Ex Ilva, accordo più vicino. Urso: due scenari per la firma
La strada per giungere all’accordo di programma per la decarbonizzazione dell’ex Ilva di Taranto sembra in discesa dopo l’incontro di ieri tra il ministero delle Imprese e del made in Italy (Mimit), la Regione Puglia e gli enti locali di Taranto. A professare ottimismo è in primis il ministro Adolfo Urso, anche se si continua a trattare e ci sono punti aperti.
Un nuovo incontro è fissato per il 15 luglio («per firmare» chiede il Mimit) e di conseguenza la conferenza dei servizi sulla nuova Autorizzazione integrata ambientale (Aia), che il ministero dell’Ambiente aveva già convocato per domani, è stata rinviata di una settimana. Questo per dar modo di chiudere prima l’accordo di programma.
Nelle prossime ore il Mimit, come spiegato da Urso, metterà sul tavolo ulteriori due ipotesi per arrivare all’accordo. In entrambi i casi con obiettivo 6 milioni di tonnellate. La prima prevede tre nuovi forni elettrici, altrettanti impianti di preridotto per alimentare i forni, e una nave di rigassificazione per dare il gas necessario alla decarbonizzazione. Particolare significativo è che l’operazione verrebbe fatta in otto anni, cercando di accelerare il più possibile, mentre ora si prevede che tutta l’operazione vada a regime entro il 2039, una data che Regione ed enti locali ritengono troppo lontana. Tant’è che hanno chiesto una tempistica racchiusa nell’arco di sei-sette anni, ma il Mimit vede difficile scendere sotto gli otto.
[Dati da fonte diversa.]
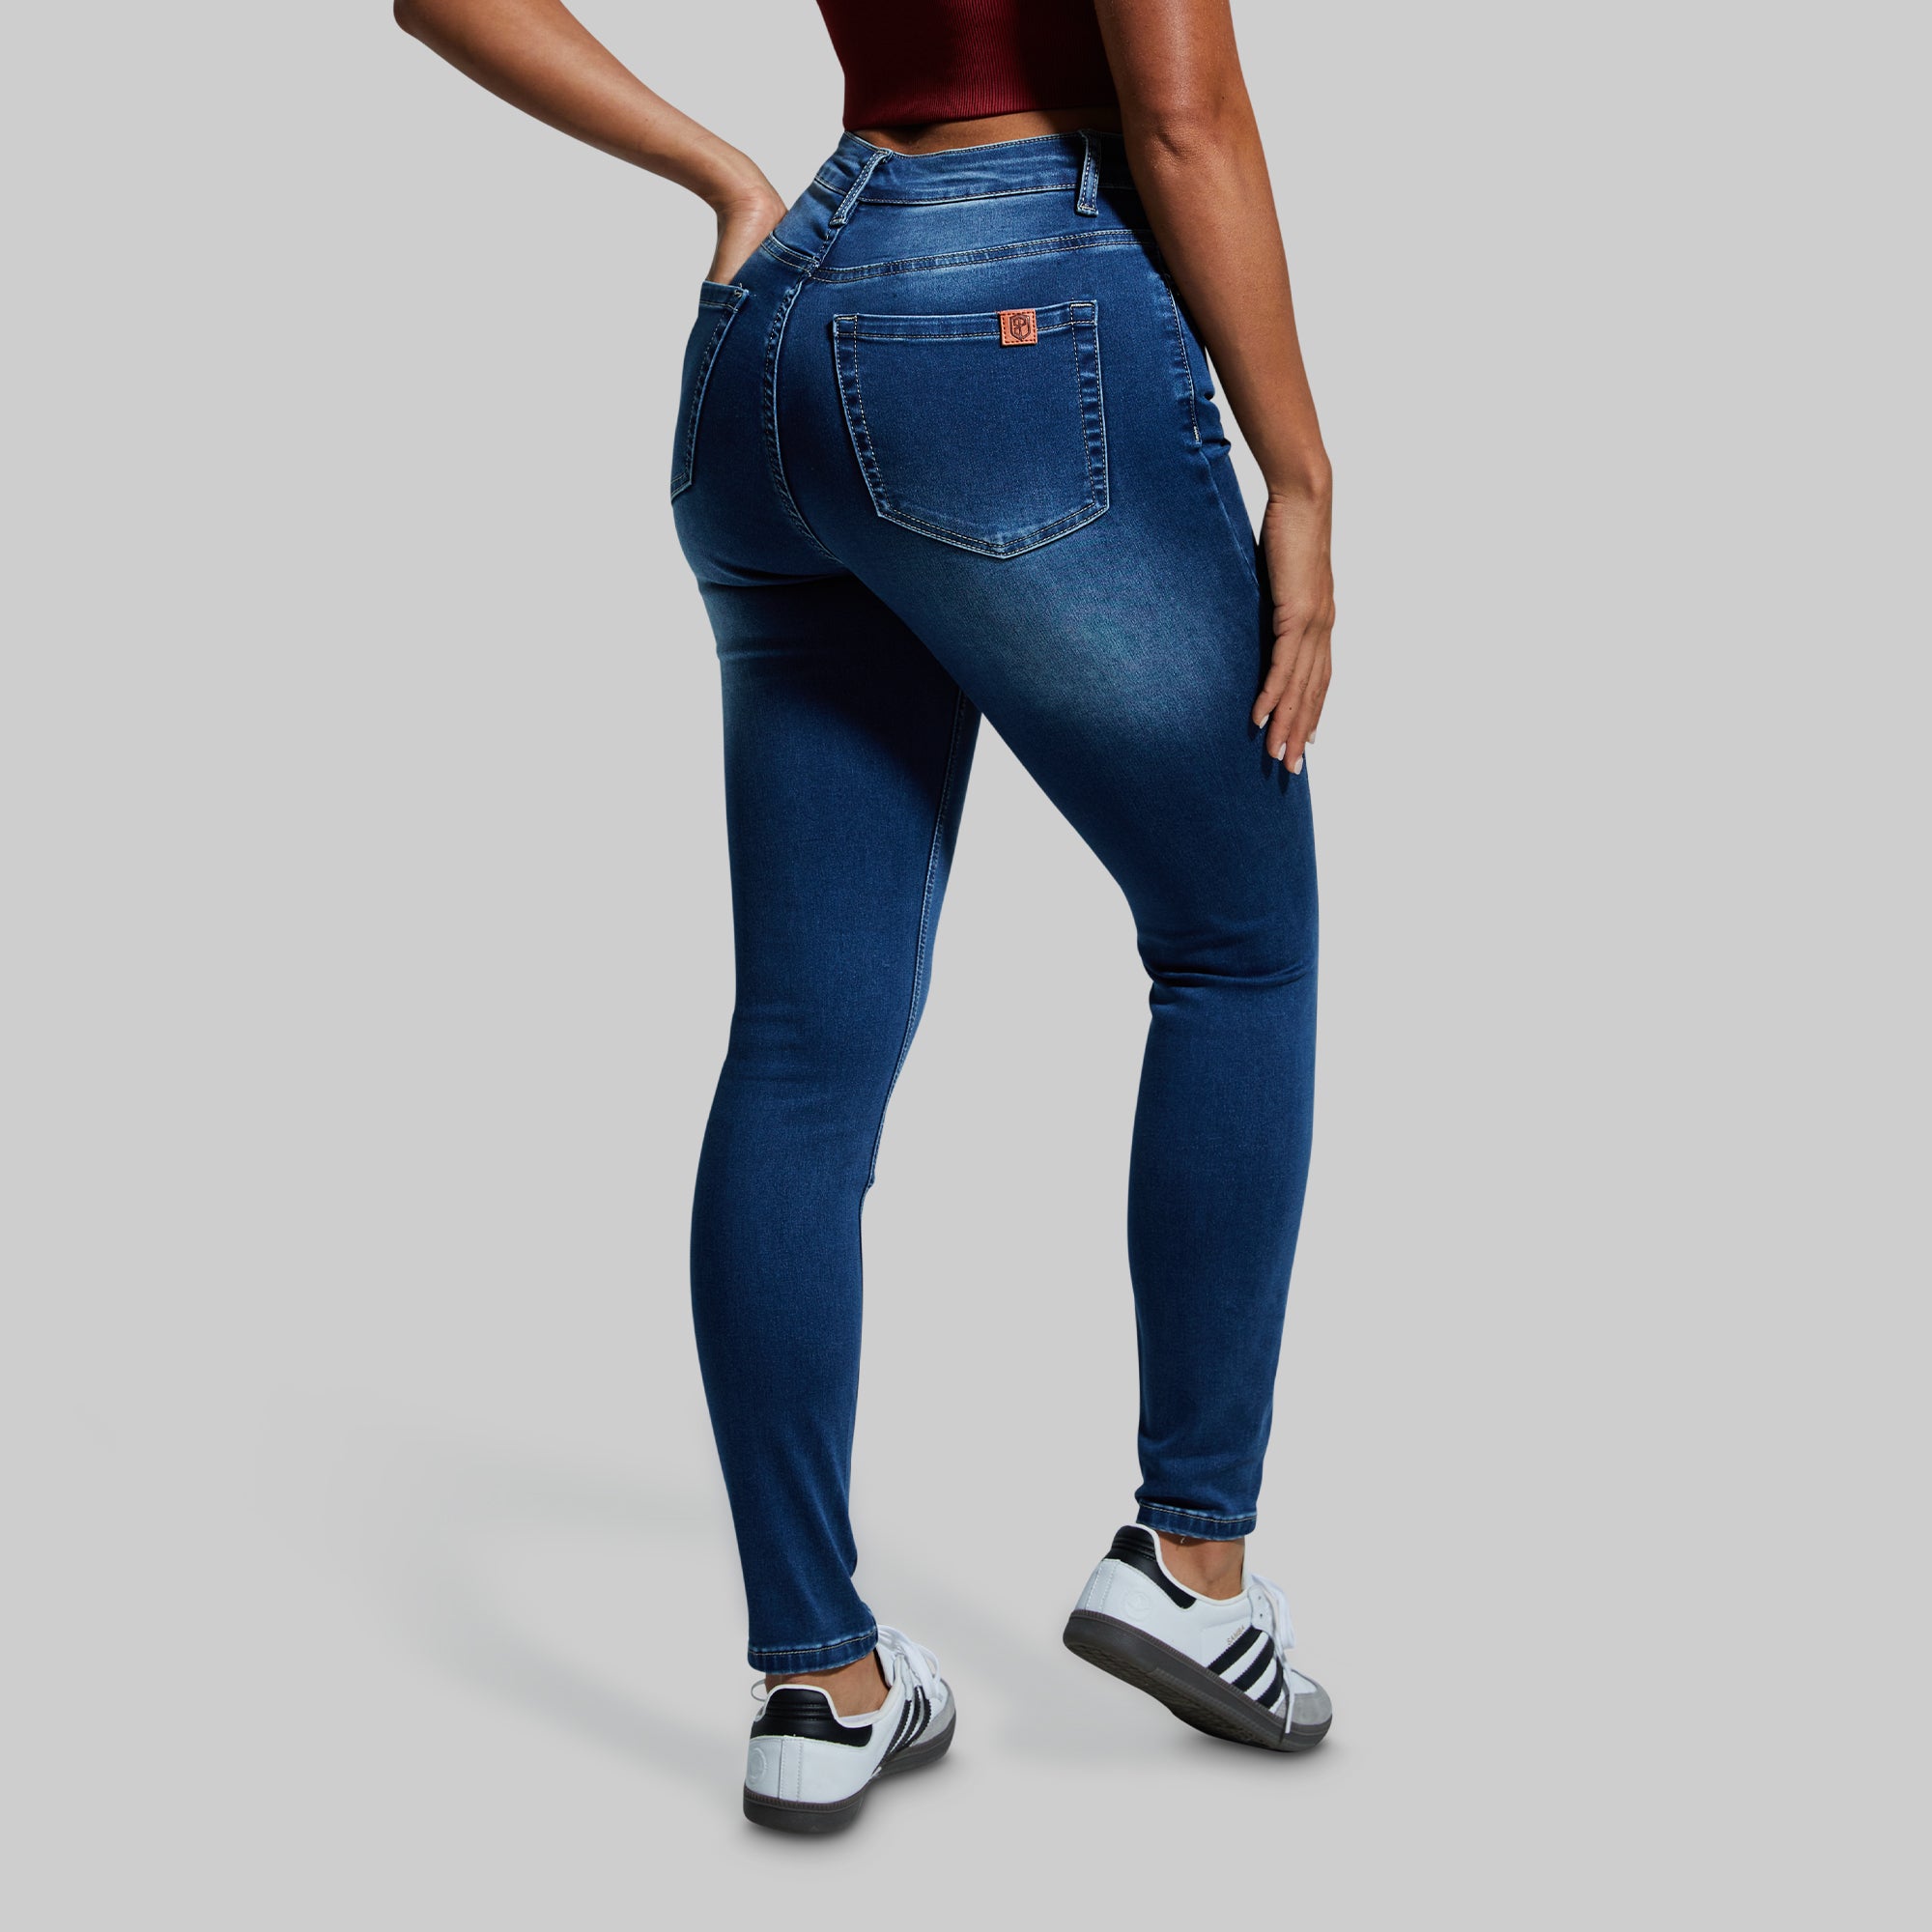 Women's Dark Wash Skinny Jeans  Stretchy Denim Jeans – Born Primitive

In quanto alla nave, il Mimit l’ha proposta in porto come a Piombino, ma su questo la chiusura di Regione ed enti locali è stata totale. Dal fronte Taranto è stata quindi rilanciata la collocazione della nave a 12 miglia dalla costa, mentre il ministero ha ribadito che distanza e profondità dei fondali in quel tratto di mare rendono la gestione dell’unità antieconomica. In alternativa alle due ipotesi, cioè porto e 12 miglia, si approfondirà quindi una terza possibilità: mettere la nave in prossimità della diga foranea, così come suggerito dall’Autorità portuale del Mar Ionio, che significa fondali meno profondi ed una distanza più contenuta dalla costa rispetto alle 12 miglia. Ma anche quest’ultima possibilità vede per ora molto dubbioso il Comune di Taranto.
L’altro scenario, invece, verte sulla possibilità che a Taranto non arrivi la nave perché non si trova la quadra. E allora si costruirebbero solo i tre forni elettrici, con i tempi che scenderebbero a sette anni da otto e con il gas che arriverebbe dal Tap. Il preridotto verrebbe invece spostato altrove: una possibilità è Gioia Tauro, dove un rigassificatore terrestre è stato già autorizzato e il cantiere deve partire. In questo caso la società pubblica Dri d’Italia, che deve spendere il miliardo di euro stanziato in proposito e trasferito dal Pnrr al fondo di coesione, dovrebbe impegnarsi – dicono fonti vicine al Comune di Taranto – ad alimentare anzitutto il siderurgico del preridotto che serve per poi magari vendere ad altri l’eventuale quota in eccesso. Quest’impegno, ha chiesto il Comune, va anche inserito, per renderlo vincolante, in un emendamento nell’ultimo decreto legge sull’ex Ilva, attualmente al vaglio della commissione Industria del Senato. Per il Comune è inoltre necessario coinvolgere i sindacati nella discussione sull’accordo. Inoltre, come rivelato ieri dal Sole 24 Ore, c’è la pesante incognita di un nuovo bando di gara. Un accordo di programma infatti richiederebbe probabilmente anche il lancio di una nuova procedura poiché si passerebbe da un invito a decarbonizzare sia pure posto come priorità – e tale era nel bando di vendita di luglio 2024 – ad un percorso più vincolante, cioè i tre forni elettrici, dal quale il nuovo investitore non potrebbe derogare.